Time and time again, women are told that having sex with a man too early can make him leave. It's where things like the "3 Date Rule" stem from. Apparently, if you don't have sex until the third date, he’s more likely to stick around because he's had to invest (a tiny bit of) time and effort into you — but that's not necessarily the case.
Men are pretty clued up when it comes to dating "rules" (who made up these rules anyway?), which can be like a game to them. They know the rules and how to be on their best behavior if it means they'll get sex at the end of their frivolous chase. Sometimes this can take a man one to three dates. Other times it can take him one to six months, depending on how long a woman makes him wait and how determined he is.

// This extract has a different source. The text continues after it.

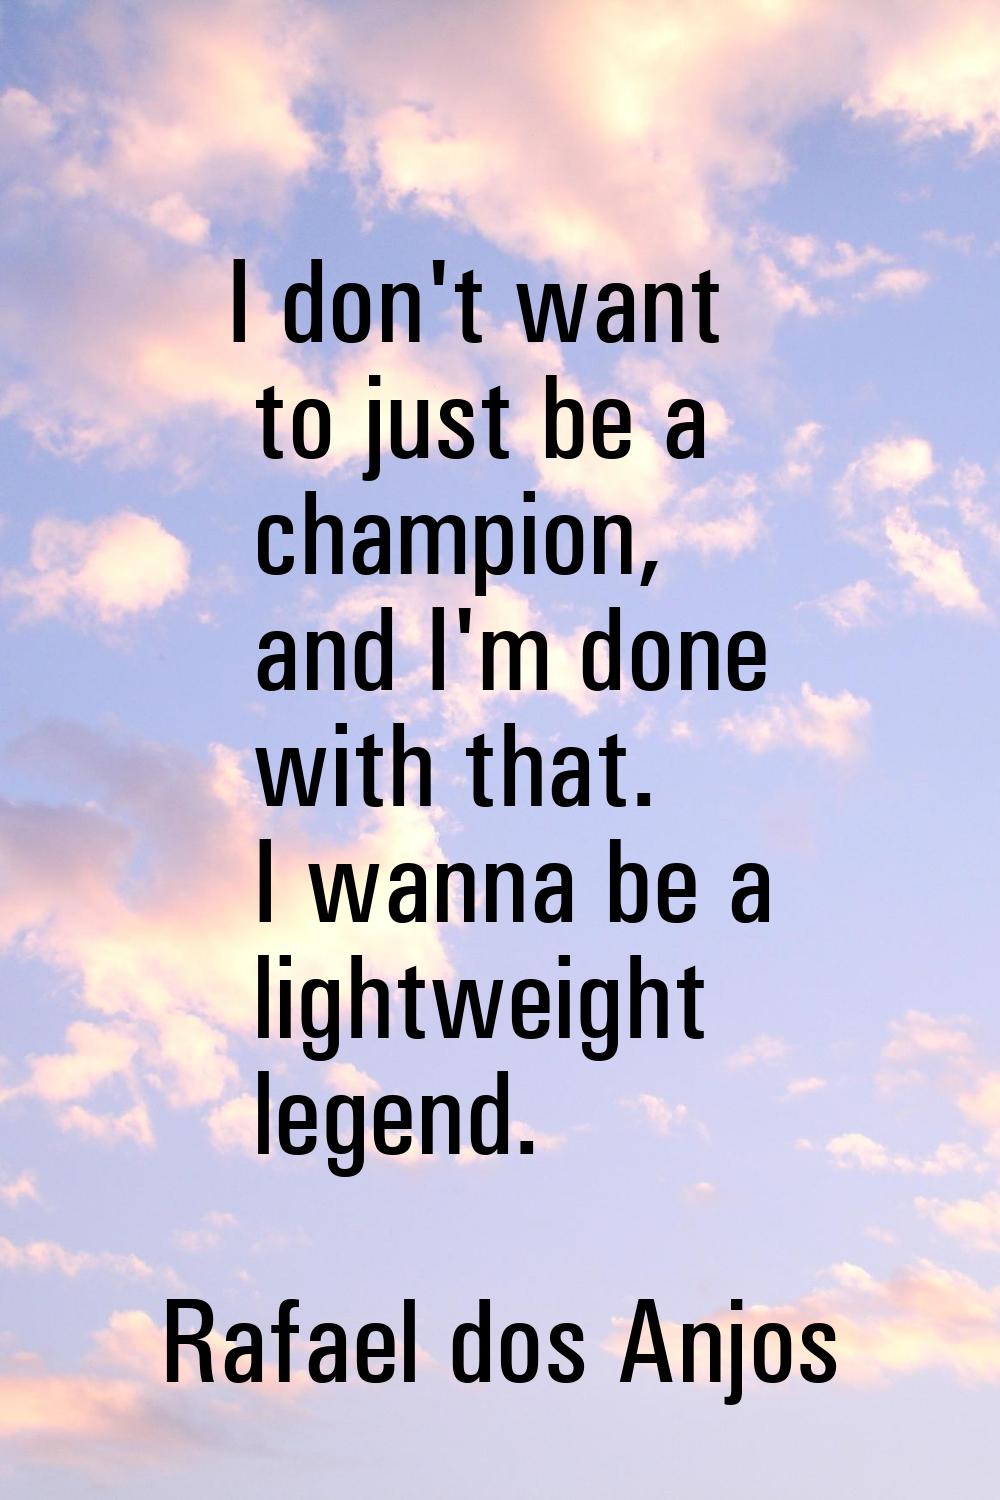 I don't want to just be a champion, and I'm done with that. I wanna be a lightweight legend.

Men know the “rules” and how to be on their best behavior if it means they'll get sex.
So, will a man leave as soon as he gets what he wants? If sex is all he’s after, then yes. But sex isn't always the dealbreaker, and it’s never “the relationship.” Sometimes a man can have sex with a woman but never intends to commit to her. In other words, he’s only interested in having her as his side chick, or they become friends with benefits.
In his mind, it's just a sexual relationship, and, most often in these cases, waiting longer won’t change him. The risk here is the woman can end up wanting more than was ever available. She wastes precious time pining over a guy who never truly wanted to be with her in the first place.
How Long Should You Wait To Have Sex?
Everyone has different standards and views sex differently. The most important thing to keep in mind are your values, what makes you feel comfortable, and become aware of how differently men and women view sex and commitment.
How will you know if he’s only after sex? The truth is you will never know until he's proven that he’s trustworthy and that he actually wants to be in a committed relationship with you. And this can take time.
Whether your standards are waiting until date #3, waiting until you've dated for X amount of time, or even waiting until after getting engaged or married — it's always safer to have sex with a guy once he's earned your trust and his intentions for you are clear.
It's always safer to have sex with a guy once he's earned your trust and his intentions are clear.
When looking for a long-term partner, most guys respect women more if there’s a build-up of trust and a genuine connection before having sex. Sure, some couples have sex on the first night and go onto have a long and loving relationship, but these tend to be the exceptions.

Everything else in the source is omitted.